• [WHAT YOU ARE ASKED TO DO]: In your copy of the data, keep every word exact and include no pictures.
DATASET EXCERPT below:
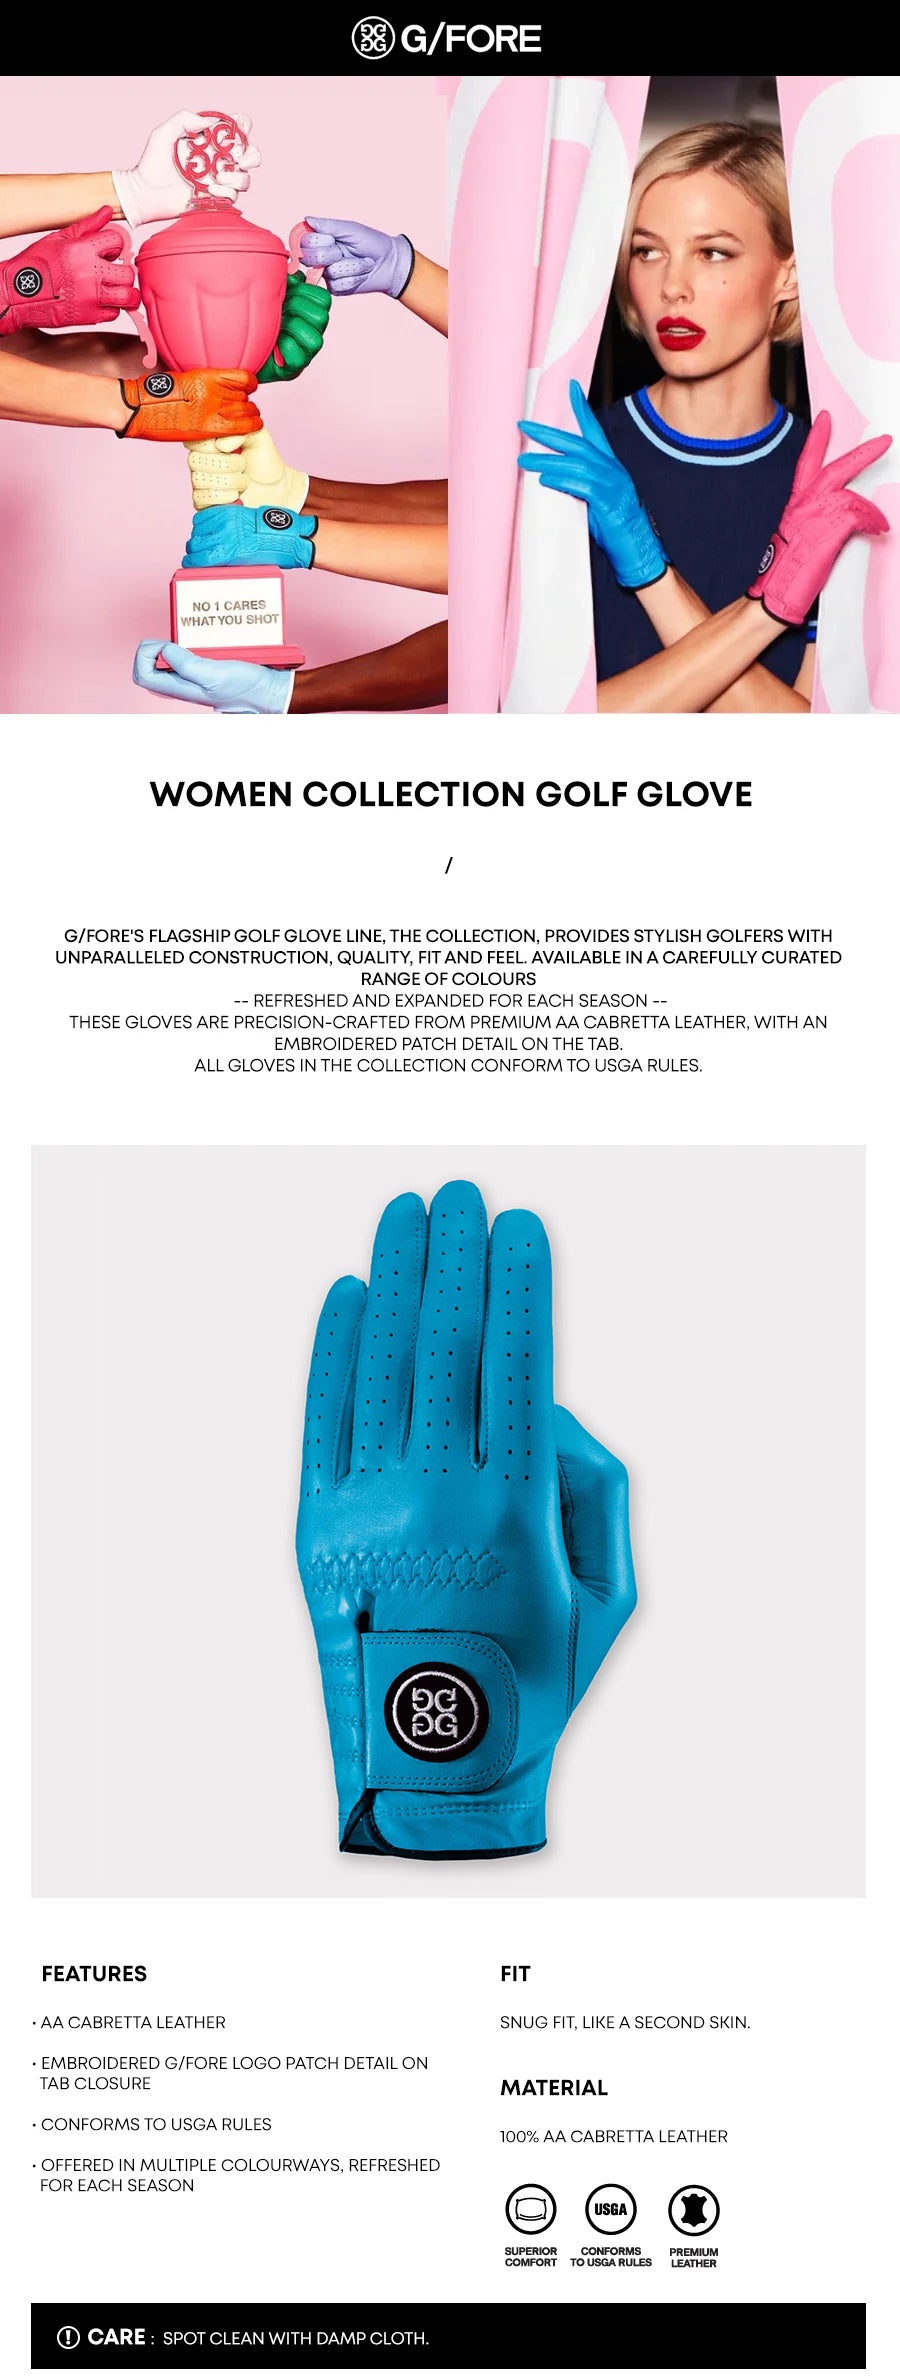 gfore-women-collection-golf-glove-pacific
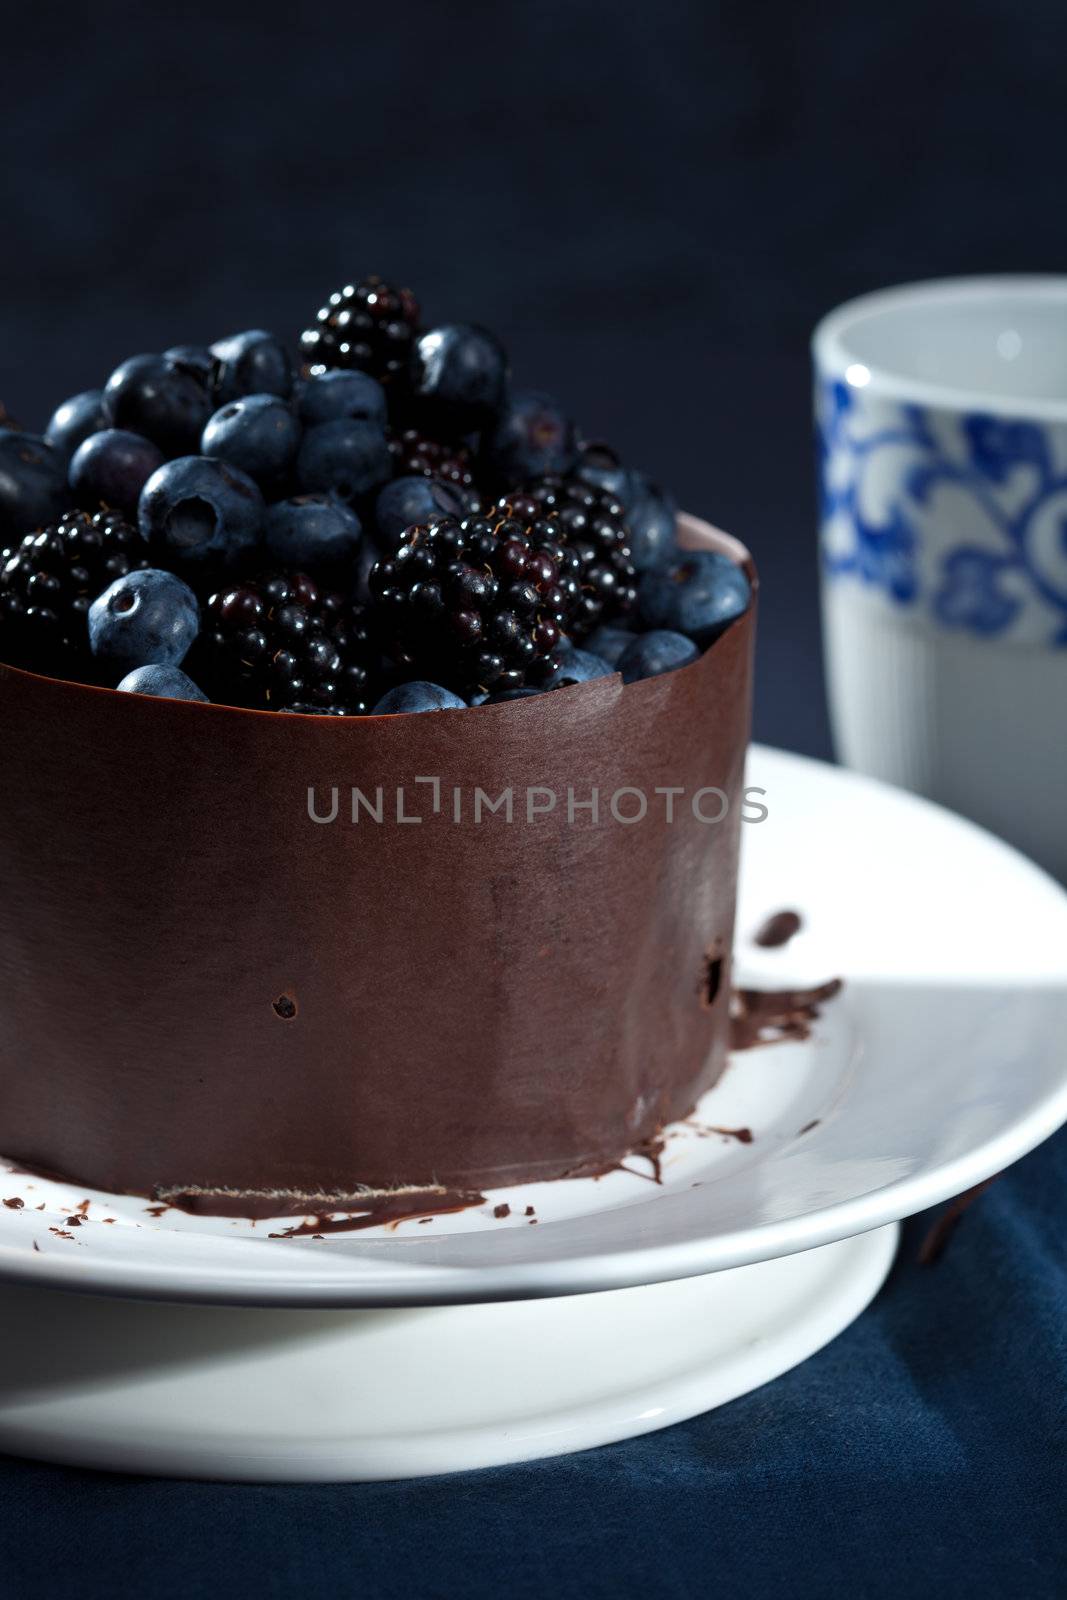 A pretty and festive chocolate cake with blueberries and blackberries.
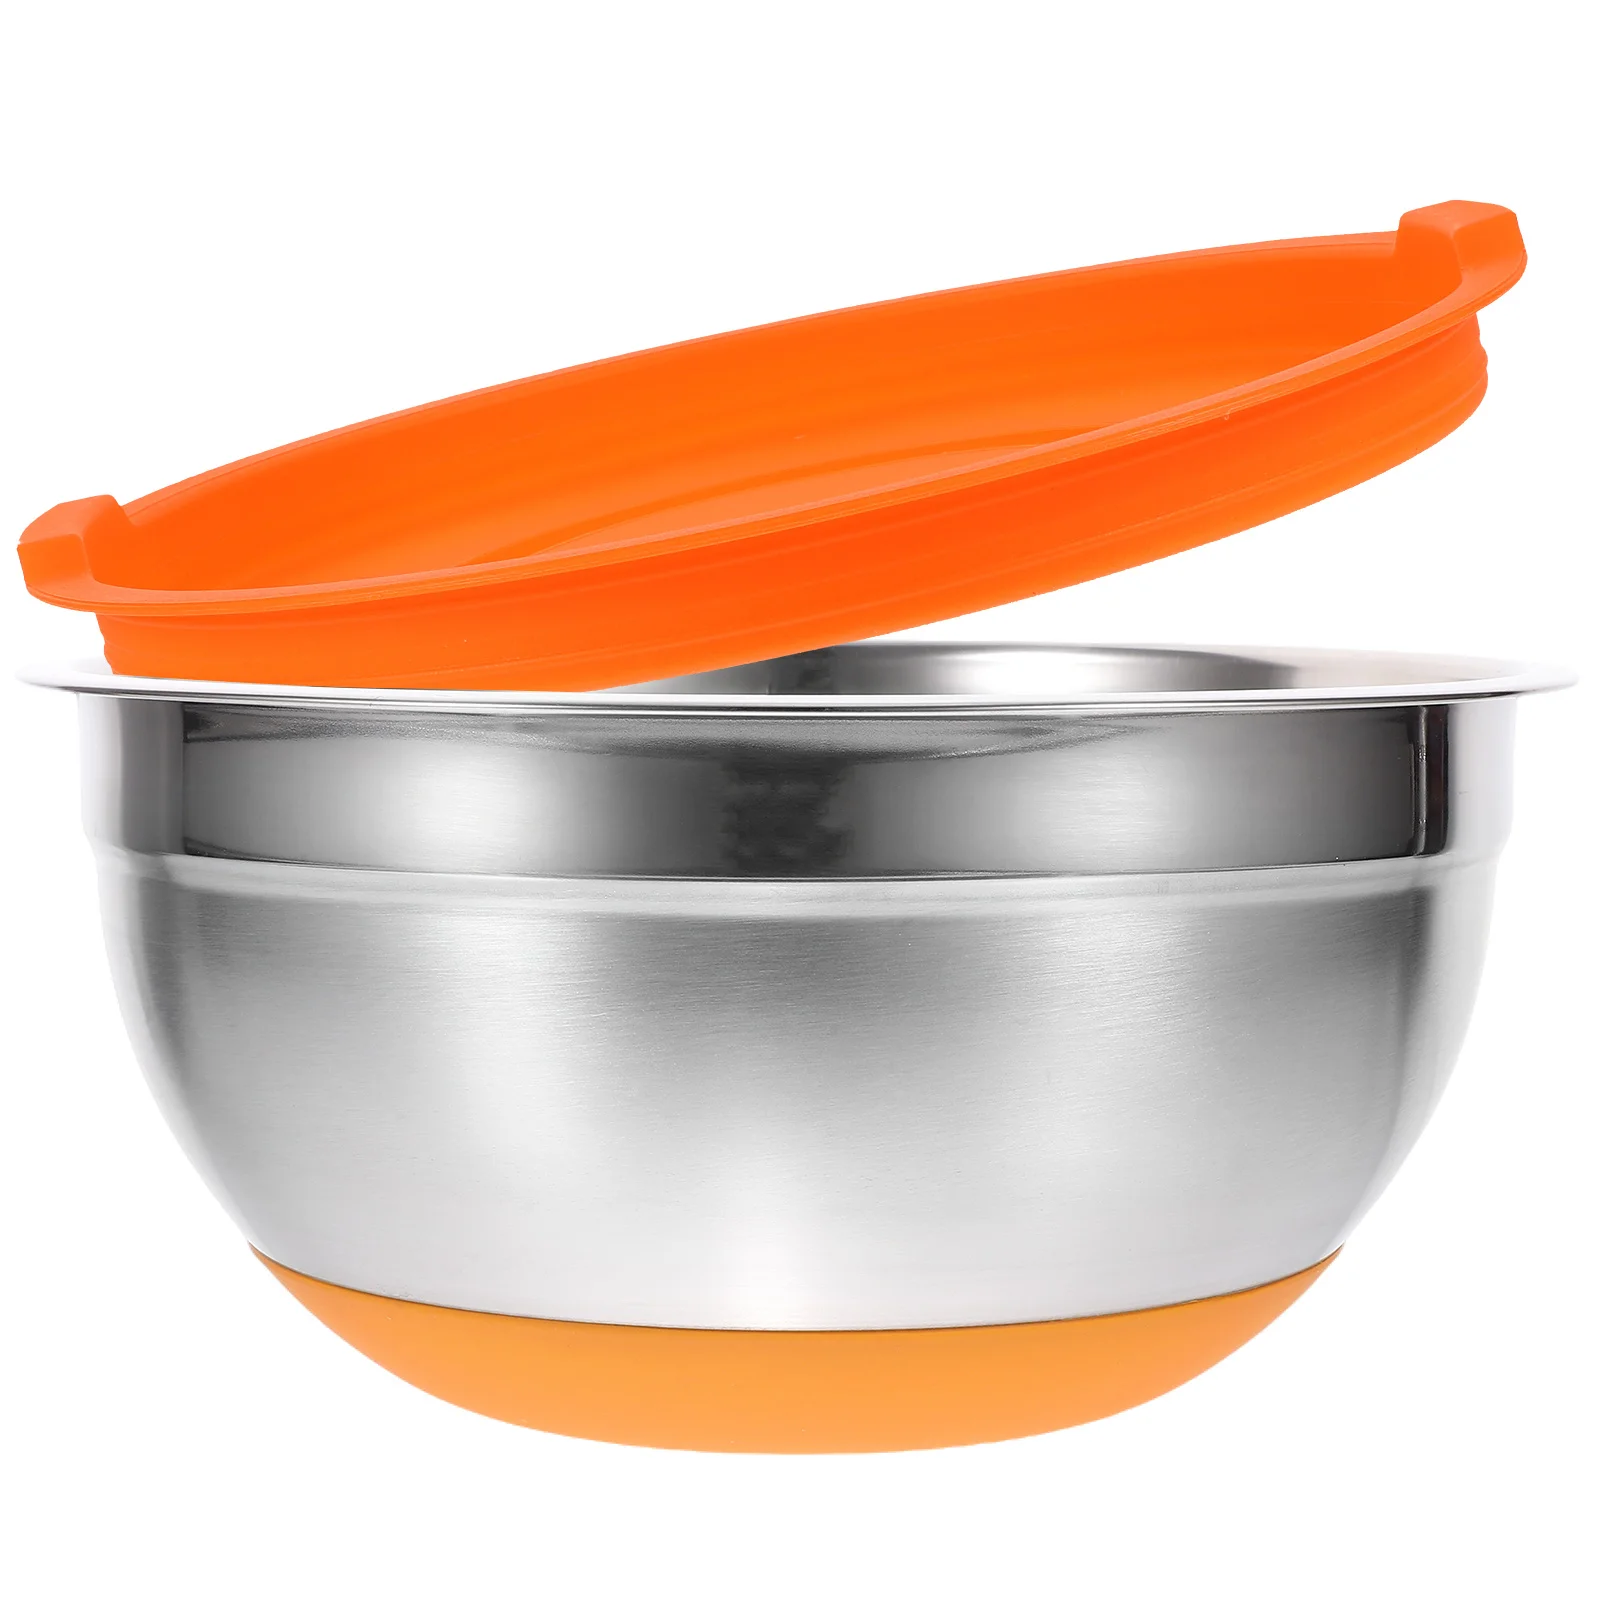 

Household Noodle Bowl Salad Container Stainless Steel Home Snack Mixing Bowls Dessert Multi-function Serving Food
End of DATASET EXCERPT.
• [RESULT OF THIS TASK]:
 gfore-women-collection-golf-glove-pacific
 A pretty and festive chocolate cake with blueberries and blackberries.

Household Noodle Bowl Salad Container Stainless Steel Home Snack Mixing Bowls Dessert Multi-function Serving Food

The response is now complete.